Freedom of Information Victory

You could say that last Thursday's Full Council meeting was slightly less predictable than usual...

Motions to Full Council are usually just a way of setting out a party line - opposition Councillors put down a motion to try shifting the Council's opinion, the ruling Lib Dems then amend the motion by getting rid of it and replacing it with some meaningless guff about how wonderfully the Council is already responding to said problem. Occassionally the Lib Dems don't bother about waiting for the opposition motion, and go straight to the self-congratulation.

An example of the latter was the Lib Dems motion designed to set out how they are going to improve the availability of information to the public, particularly in the area of Freedom of Information requests and Councillor expenses.

Personally, I have long been calling for complete openness at the Council - the default should be that all information is publicly available (unless there is a good reason not to, such as publishing would put the Council at a commercially disadvantageous situation, or for classes of information like personal emails that would require so much editing for data protection, they should only be available through a specific Freedom of information request). But in the areas the motion dealt with specifically, I think the Council should certainly be publishing (almost) all Freedom of Information requests, and all of the Council's responses, as well as detailed information about all allowances, expenses and benefits to Councillors. Apart from the fact that allowances are generally too high in local government - we don't want to create a new class of professional or semi-professional politicians locally - I don't think the expenses claimed in Cambridge City would be a cause for great controversy, but we should publish everything and let the public decide.

You would have thought the Lib Dems would also be in favour of this, but a few of them were decidedly luke warm (I had one Lib Dem criticise me privately for supporting calls to publish Councillors usage of car park passes...), the original motion was far too woolly, and didn't commit the Council to enough action.

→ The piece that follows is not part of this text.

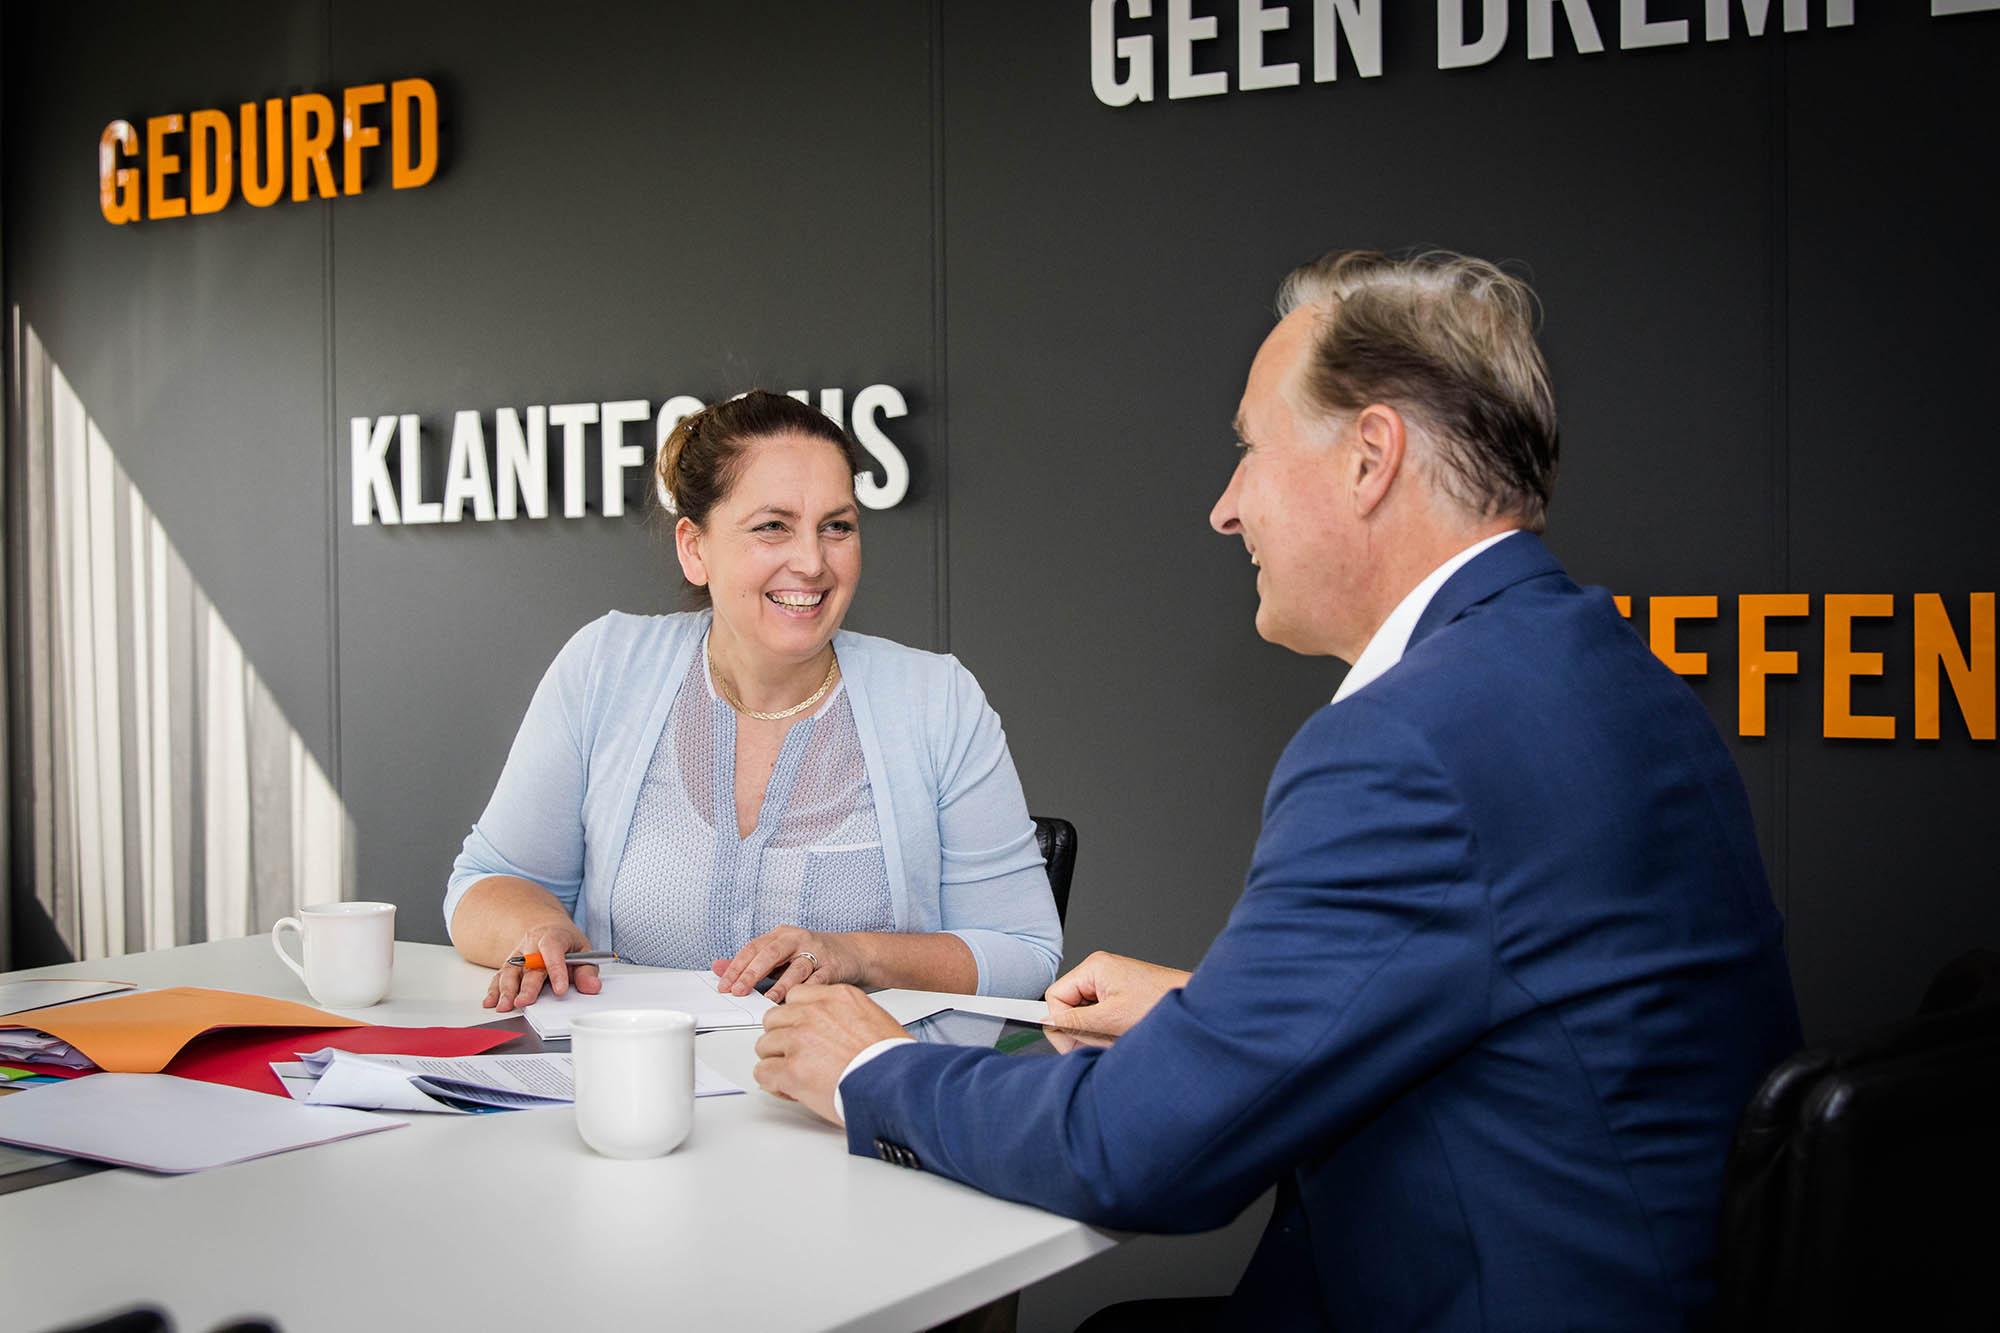 Dommerholt Advocaten Apeldoorn 0182

I did have an amendment prepared, but unfortunately you need a seconder, and there is only one of me. As Labour had a similar amendment, we combined the text and Labour presented it as their amendment. Remarkably, the Lib Dems agreed with the amendment, and then setout making minor changes to the amendment to allow it to go forward. Full Council doesn't pass motions requiring significant financial resources - they would need to be accompanied by budget amendments, so the output of motions is usually to get a report brough back to committee outlining how the principles can be implemented. In this case however, I think we may have gone much further than usual, and could have come up with something that genuinely changes the way the Council operates. As I see it, the amendment I helped draft in the final agreed motion commits the Council to:
  • Aspire to make information available online by default.
  • The Council will publish all Freedom of Information requests and responses online (unless there is reason not to like a request being libellous etc) (similar to www.whatdotheyknow.com)
  • The Council will publish details of all Councillor's allowances, expenses, benefits in kind etc
I think when the officers sit down to work out how they are going to implement all this, they may have kittens, but overall I think last Thursday will go down as a good day for Freedom of Information at the City Council.